(Dataset excerpt)

Content starts

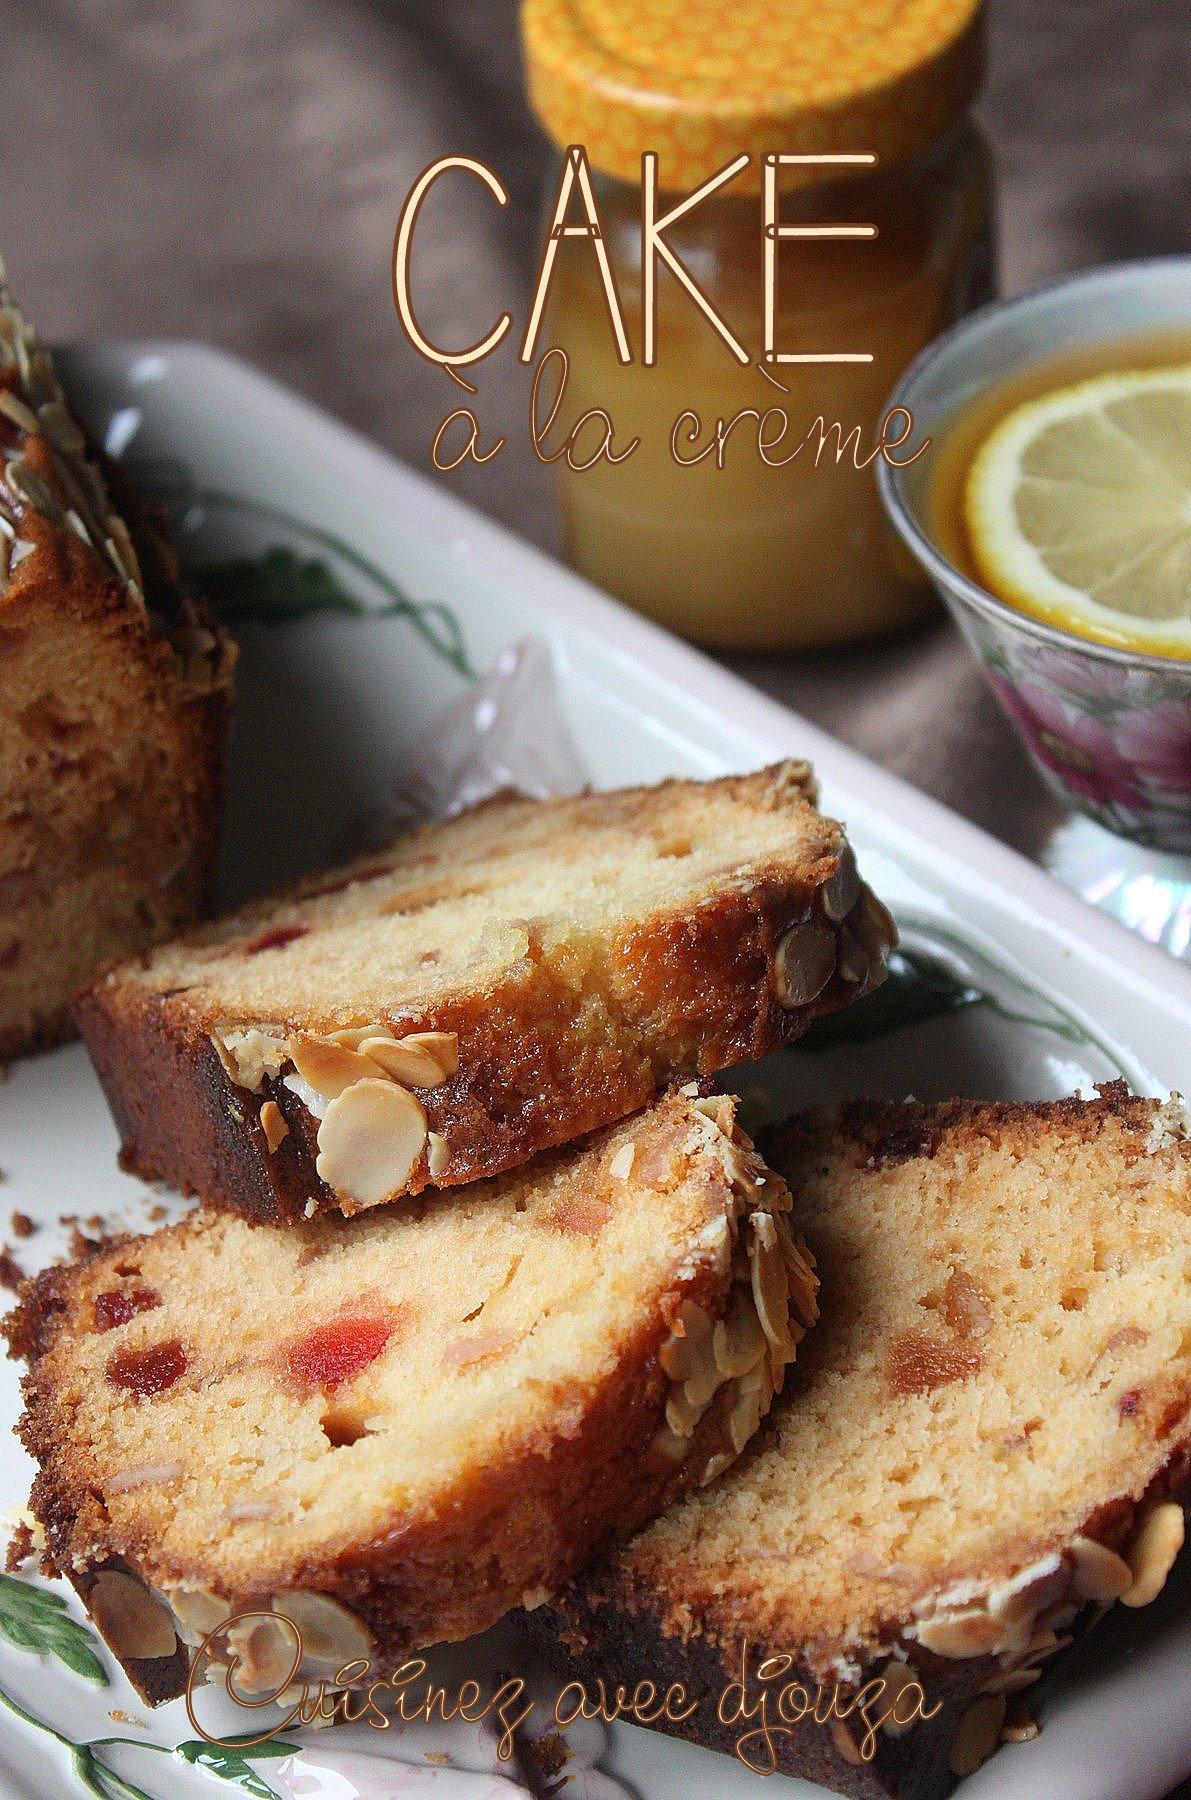 Cake avec crème fraîche et fruits confits
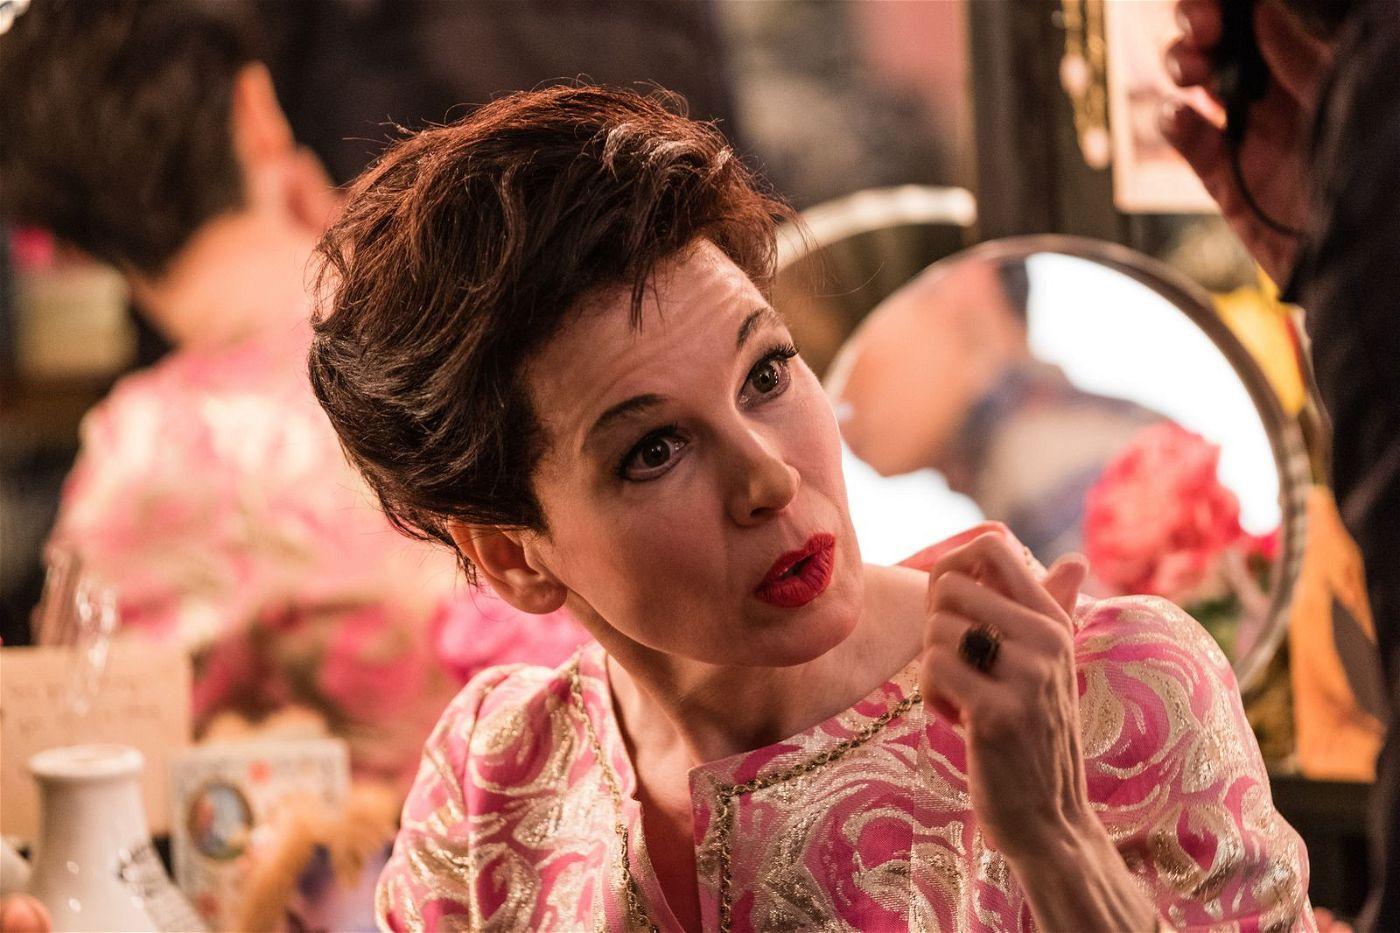 Ihr Leben war das Showbusiness: Judy Garland (Renée Zellweger) flog hoch und fiel tief.
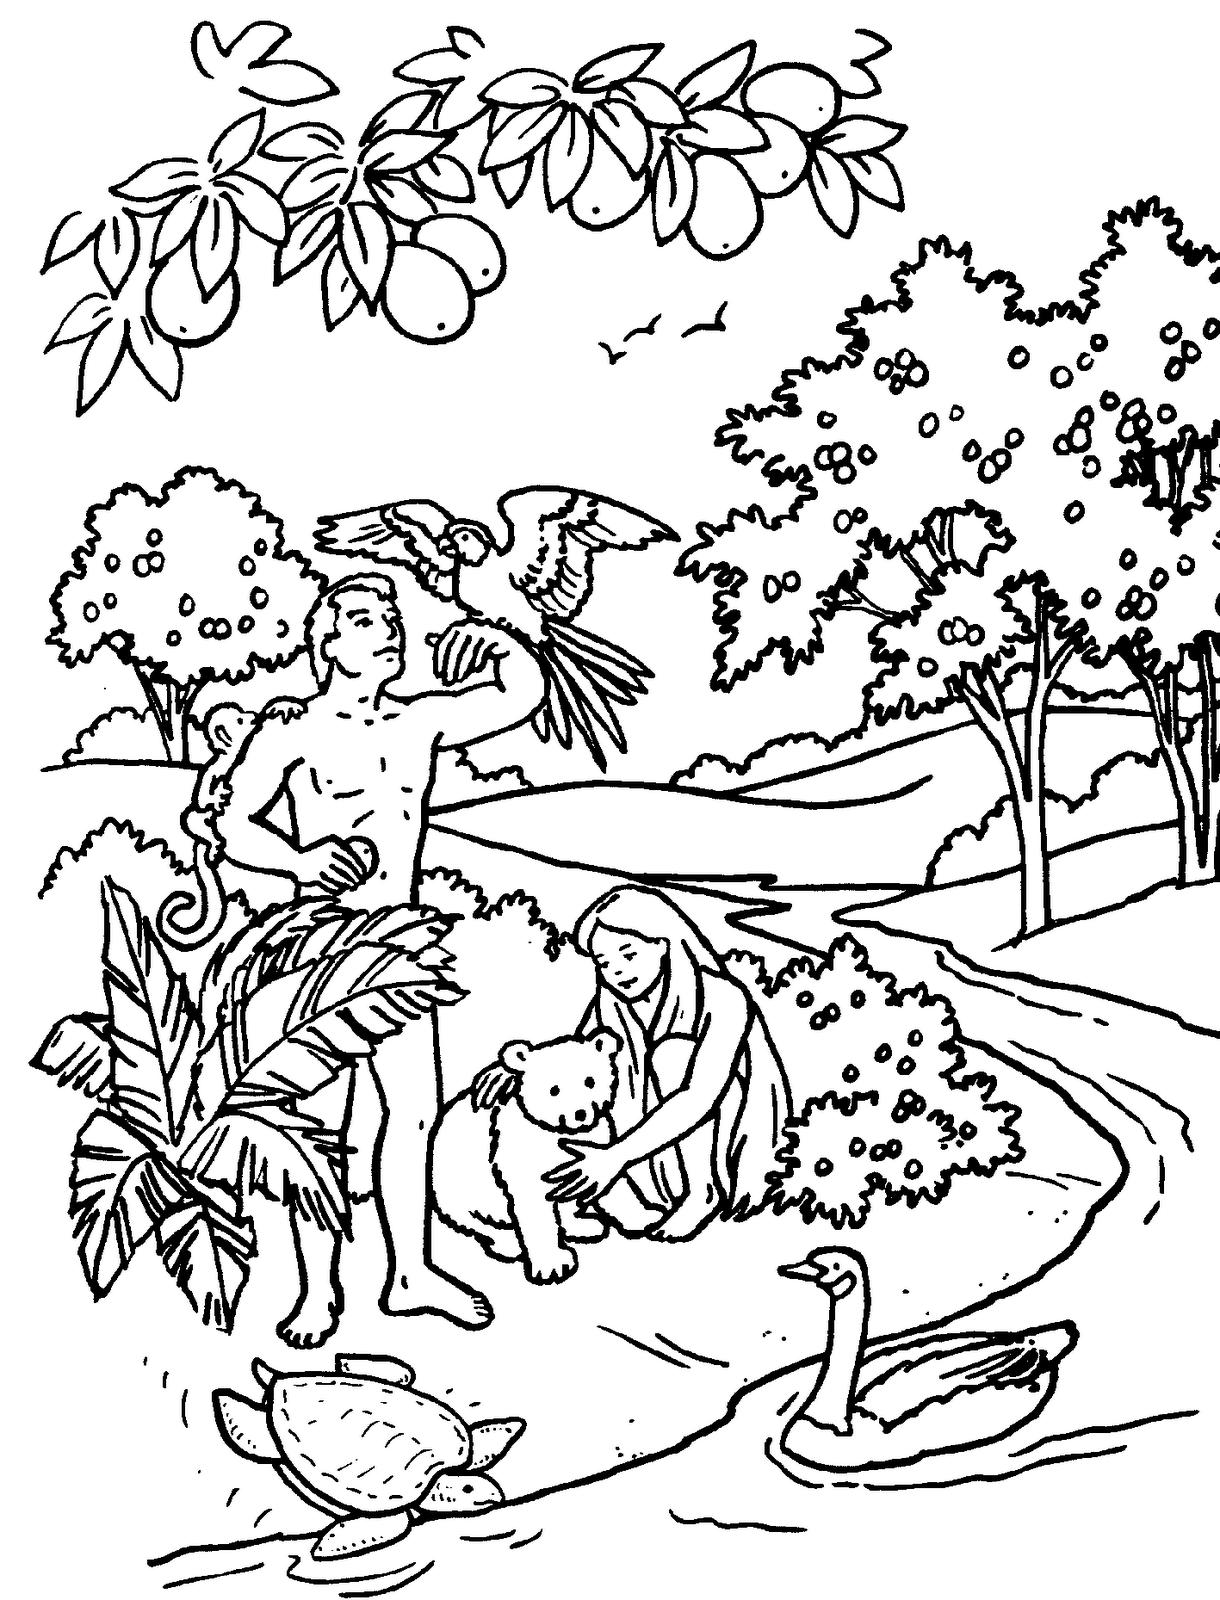 Dibujos Para Colorear Y Coloreado De Adán Y Eva En El Huerto

Content ends

(Problem requirements)
The material above is to be repeated word for word, with no images kept.

(Answer area)
 Cake avec crème fraîche et fruits confits
 Ihr Leben war das Showbusiness: Judy Garland (Renée Zellweger) flog hoch und fiel tief.
 Dibujos Para Colorear Y Coloreado De Adán Y Eva En El Huerto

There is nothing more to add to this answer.